When switching regimes, the gain-scheduled controller performs bumpless transfer — a linear interpolation over a configurable interval that prevents actuator jumps:

controllers = {
    OperatingRegime.RAMP_UP: RegimeController(
        OperatingRegime.RAMP_UP,
        Kp=np.array([3.0]), Ki=np.array([0.5]), Kd=np.zeros(1),
        x_ref=np.array([15.0]),  # target: 15 MA
        constraints={"u_max": 100.0},
    ),
    OperatingRegime.L_MODE_FLAT: RegimeController(
        OperatingRegime.L_MODE_FLAT,
        Kp=np.array([1.0]), Ki=np.array([0.2]), Kd=np.zeros(1),
        x_ref=np.array([15.0]),
        constraints={"u_max": 50.0},
    ),
    OperatingRegime.H_MODE_FLAT: RegimeController(
        OperatingRegime.H_MODE_FLAT,
        Kp=np.array([0.5]), Ki=np.array([0.1]), Kd=np.array([0.05]),
        x_ref=np.array([15.0]),
        constraints={"u_max": 30.0},
    ),
}

gsc = GainScheduledController(controllers, transfer_time=0.5)

# Simulate regime transition
x = np.array([10.0])  # current state: 10 MA

u_ramp = gsc.step(x, t=5.0, dt=0.1, regime=OperatingRegime.RAMP_UP)
print(f"Ramp-up command: {u_ramp[0]:.1f}")

# Transition to L-mode
u_trans = gsc.step(x, t=60.0, dt=0.1, regime=OperatingRegime.L_MODE_FLAT)
print(f"During transfer: {u_trans[0]:.1f}")

# Fully in L-mode
for _ in range(10):
    u_lmode = gsc.step(x, t=70.0, dt=0.1, regime=OperatingRegime.L_MODE_FLAT)
print(f"L-mode command: {u_lmode[0]:.1f}")

Full Scenario Simulation

import matplotlib.pyplot as plt

sched = iter_baseline_schedule()

# Simulate 480 s ITER discharge
dt = 1.0
t_range = np.arange(0, 480, dt)
x = np.array([0.0])  # Ip = 0 at start

Ip_history = []
regime_history = []

for t in t_range:
    vals = sched.evaluate(t)
    x_ref = np.array([vals["Ip"]])

    # Detect regime
    dstate = np.gradient(x) if len(Ip_history) > 1 else np.array([0.5])
    tau_E = 1.0 + (vals.get("P_NBI", 0) / 33.0) * 1.5
    regime = detector.detect(x, dstate, tau_E=tau_E, p_disrupt=0.0)

    u = gsc.step(x, t, dt, regime=regime)

    # Simple plant model
    x = x + 0.1 * u * dt
    x = np.clip(x, 0, 20)

    Ip_history.append(x[0])
    regime_history.append(regime.value)

fig, axes = plt.subplots(2, 1, figsize=(12, 6), sharex=True)
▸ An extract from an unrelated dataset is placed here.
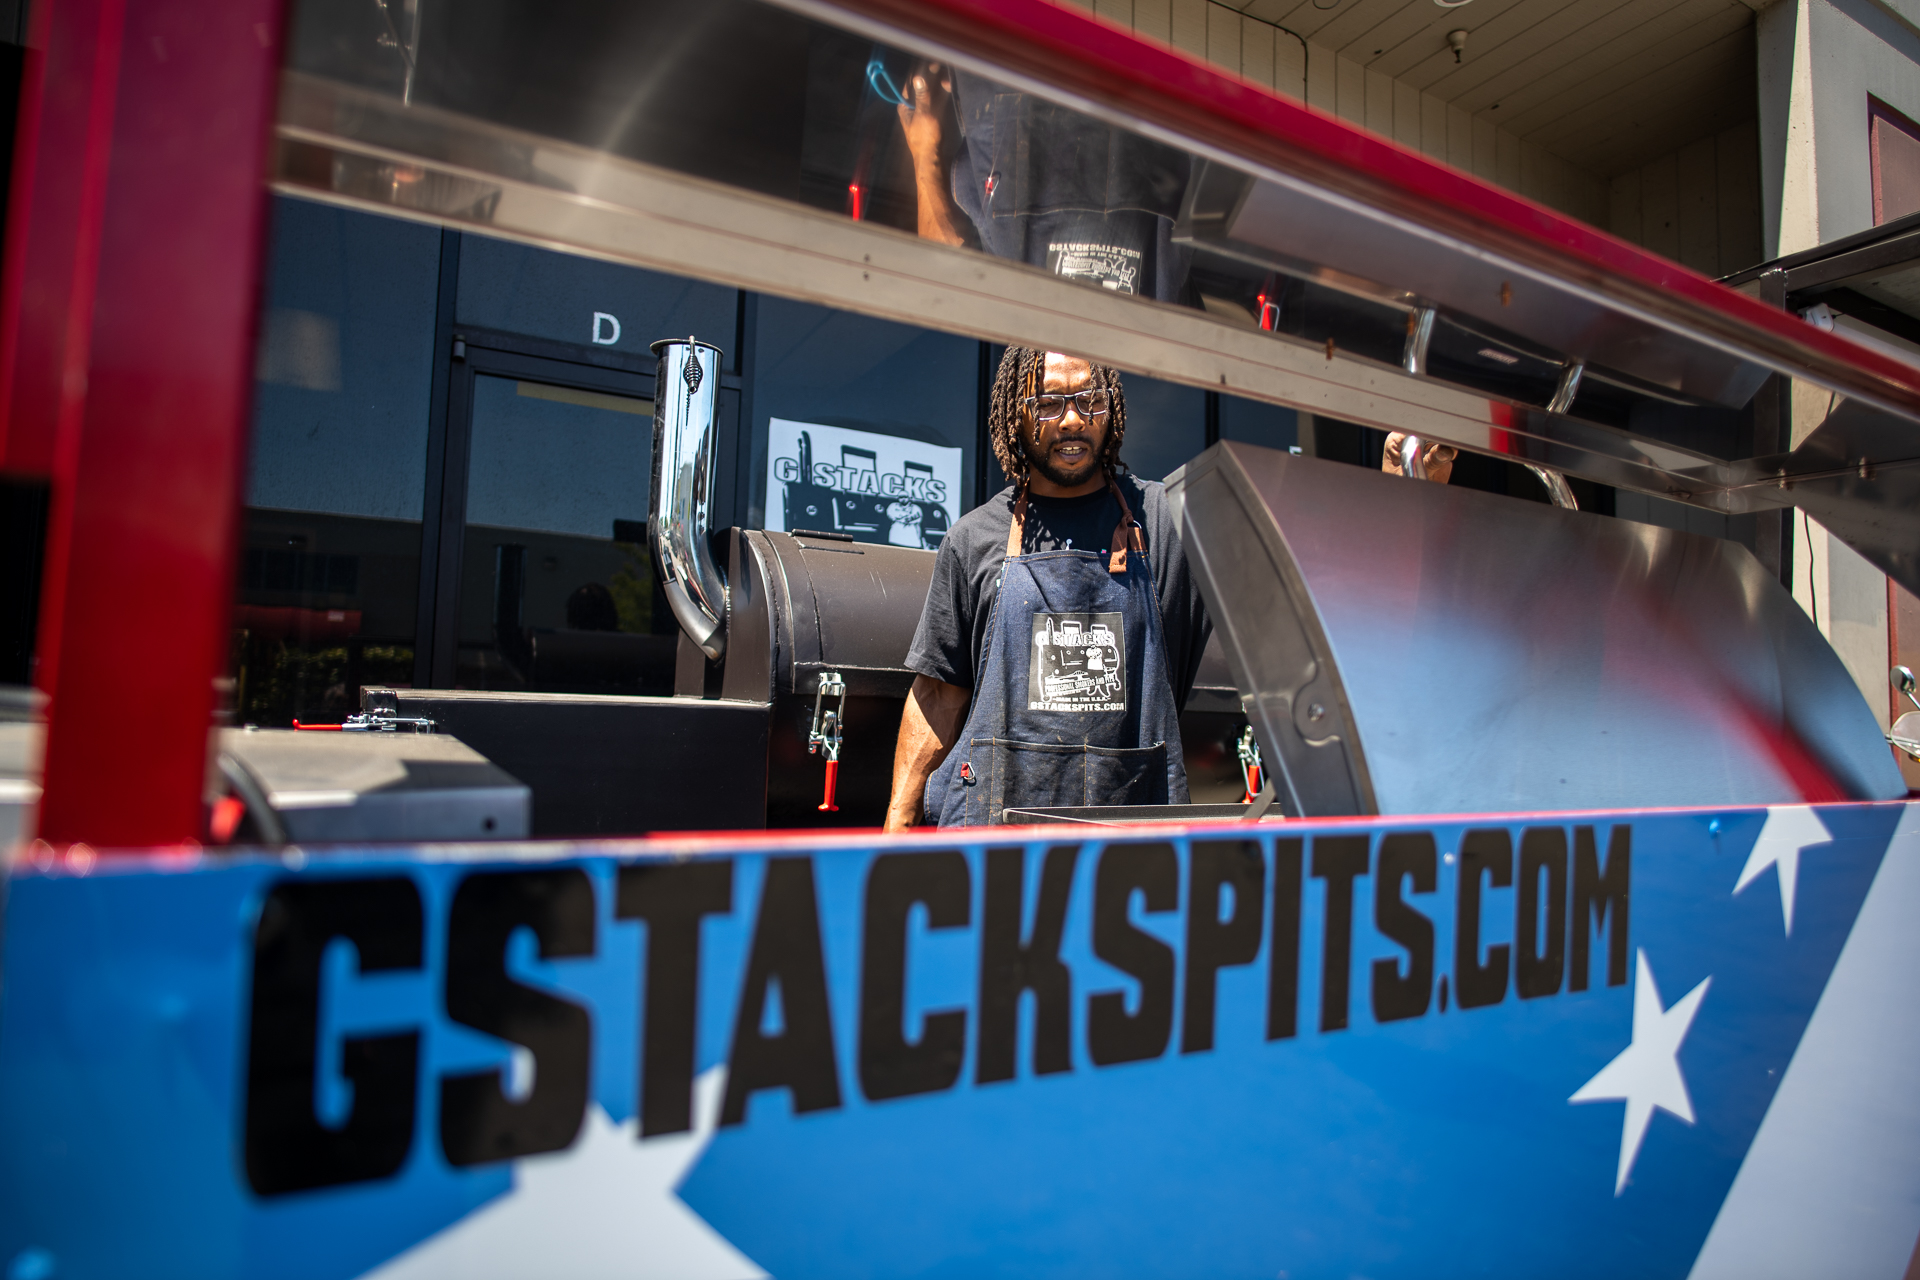 A man seen through an opening in a a barbecue smoker emblazoned with the website "GStackspits.com"

# Plot scheduled vs. achieved Ip
scheduled_Ip = [sched.evaluate(t)["Ip"] for t in t_range]
axes[0].plot(t_range, scheduled_Ip, "b--", label="Scheduled")
axes[0].plot(t_range, Ip_history, "r-", label="Achieved")
axes[0].set_ylabel("Ip [MA]")
axes[0].legend()
axes[0].set_title("ITER 15 MA Baseline — Gain-Scheduled Control")

axes[1].plot(t_range, regime_history)
axes[1].set_ylabel("Regime")
axes[1].set_xlabel("Time [s]")
axes[1].set_yticks([0, 1, 2, 3, 4])
axes[1].set_yticklabels(["Ramp-Up", "L-Flat", "H-Flat", "Ramp-Down", "Disruption"])

plt.tight_layout()
plt.show()

Design Tips

Waveform design:

  • NBI power ramp should lead the current ramp by 2–5 s to ensure adequate heating during the Ohmic-to-auxiliary transition.

  • Gas fuelling should track the Greenwald fraction \(f_G = \bar{n} / n_G < 0.85\).

  • ECCD power should be staged: start with q-profile shaping during ramp-up, switch to NTM suppression duty during flat-top.

Regime transitions:

  • The L-H transition is the most sensitive point: a too-aggressive power ramp can trigger ELMs before the pedestal is established.

  • Transfer time of 0.3–0.5 s gives smooth actuator transitions without losing tracking performance.

  • The H-L back-transition during ramp-down requires reducing NBI power gradually to avoid a hard mode lock.